In Paul Theroux’s latest, The Lower River, we’ve been artfully made aware that the
protagonist spent four years—the happiest years of his life—in Africa as a
volunteer for The Peace Corps. Within a
simple turn of phrase less than a hundred pages in, we are told that something
reminded Ellis Hook, the protagonist, of his time in Africa. We are suddenly “back there,” with Hook,
flashed back, if you will, to backstory, which surely has a direct connection
to what will happen in present time.
The storyteller has time management as a tool in the fiction
writer’s toolkit, extending, regressing, attenuating, compressing, taking us
from one time zone to the next as though we were some pampered guest in a theme
park, being given the A Ride under command performance conditions.
Such tropes as “That night…” or “Later that night…” or “Days
later” usher us through the darkened scenery of story without a flashlight,
seamless, comfortable, opening the door for even more grandiose time lapse
narrative as, “For the next several years…” and the intriguing, “He did not
begin to suspect…”
The passage of time is accomplished through the medium of
the expert management and passage of each sentence; the need for dramatic
information embedded in each one a part of the delicate surface tension of the
entire concept of drama.
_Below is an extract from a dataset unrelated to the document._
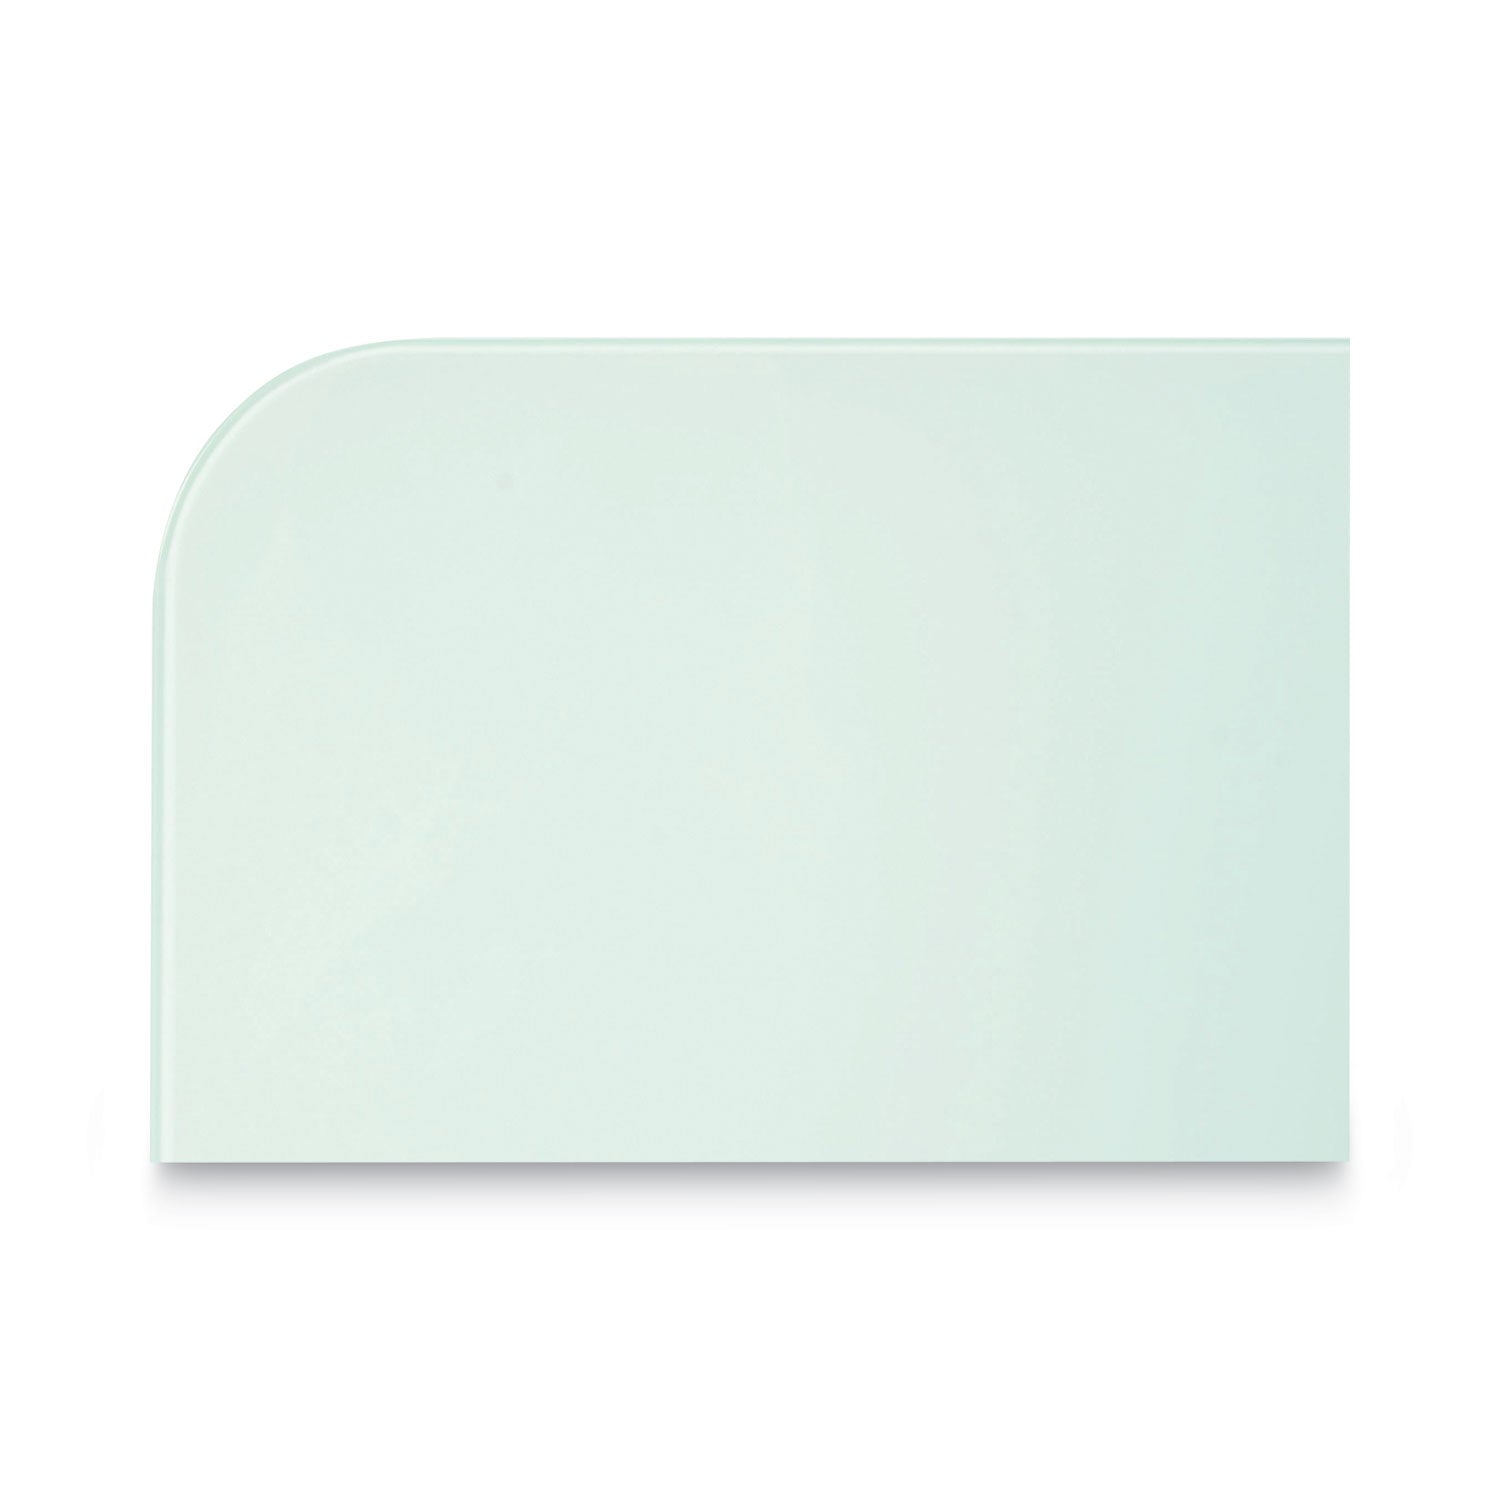 magnetic-glass-dry-erase-board-60-x-48-opaque-white-surface_bvcgl110101 - 7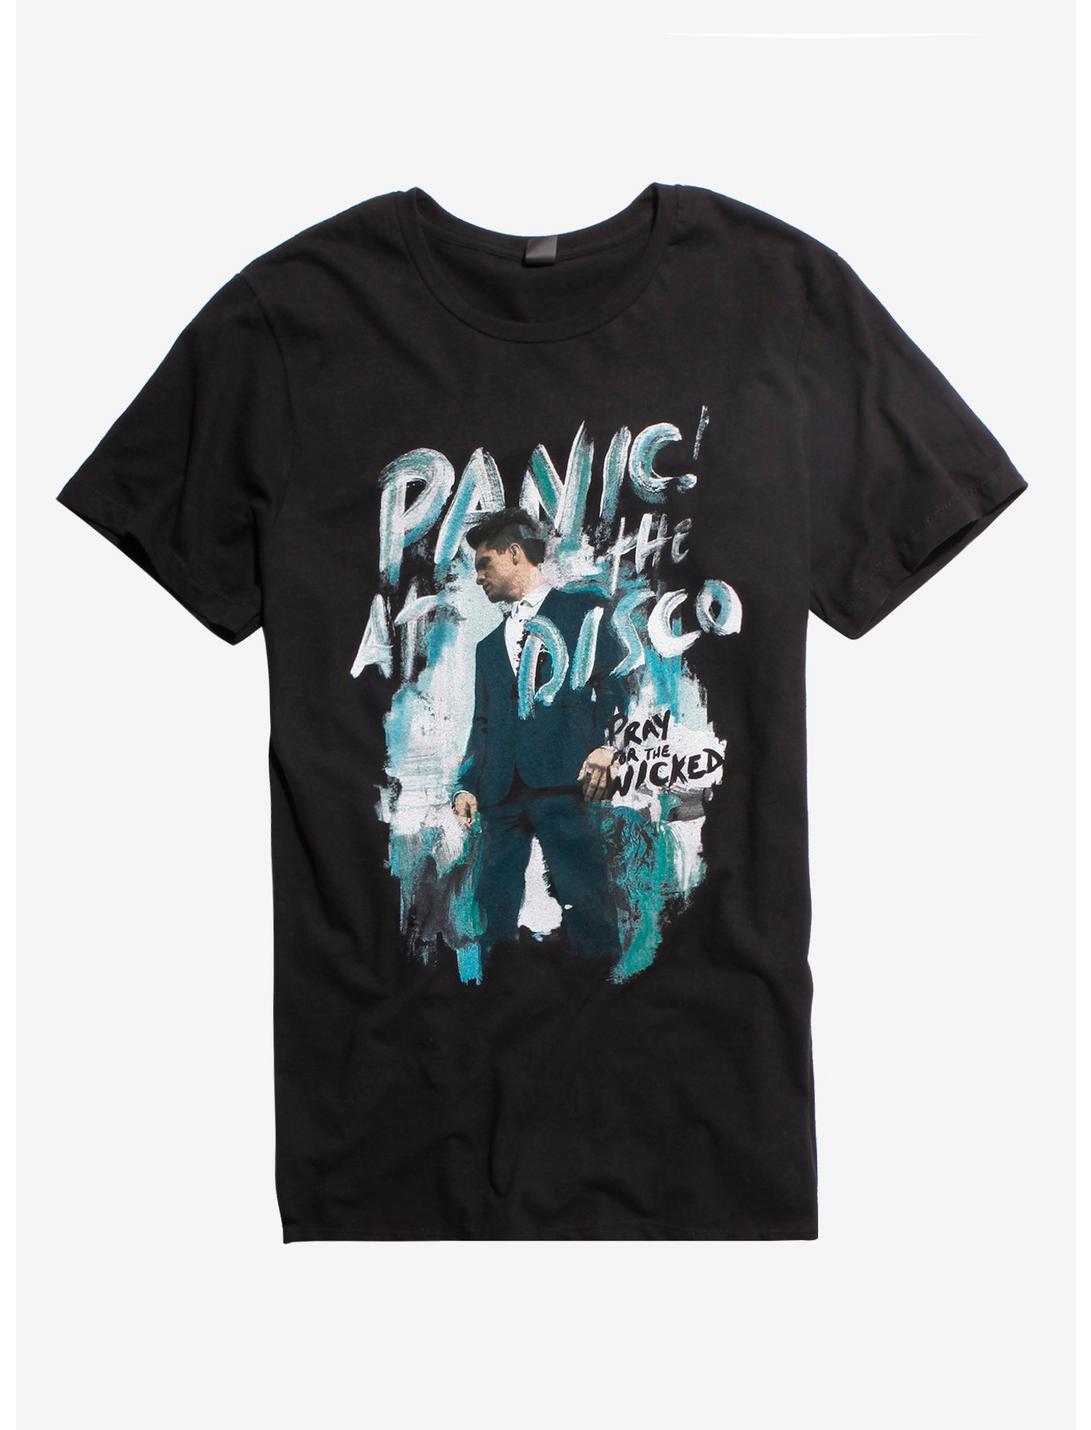 Panic! At The Disco Pray For The Wicked Album Art T-Shirt, BLACK, hi-res

However simple
and straightforward a given sentence may seem, however innocent, “Here, let me
get that for you.” the connection to the
previous and forthcoming are fraught with the implications of the overall
effect, the slow, deliberate accretion of emotional consequence growing more exquisite.
There is a good deal of dramatic information in a story,
needing to be shoehorned into the equivalent of a half-size smaller shoe. Fitting this information in the right place
becomes a precarious task. One way to
address the task is through considerations of time. Ahead?
In the past? At the present
moment?
The late, much lamented for his absence, Digby Wolfe once
told you an accomplished juggler could not hope to have more than eleven
objects aloft at any given moment.
Whether or not this was factual, you are haunted with visions of eleven
things out of hand, eleven objects and the consummate coordination necessary to
transfer them to the next stage of their flight. Sometimes, when you are in the midst of
composition, you see yourself in your juggler impersonation. A writer impersonating a juggler—what insanity
and japery. But if the process produces
a story, you will have at least had a hand in it.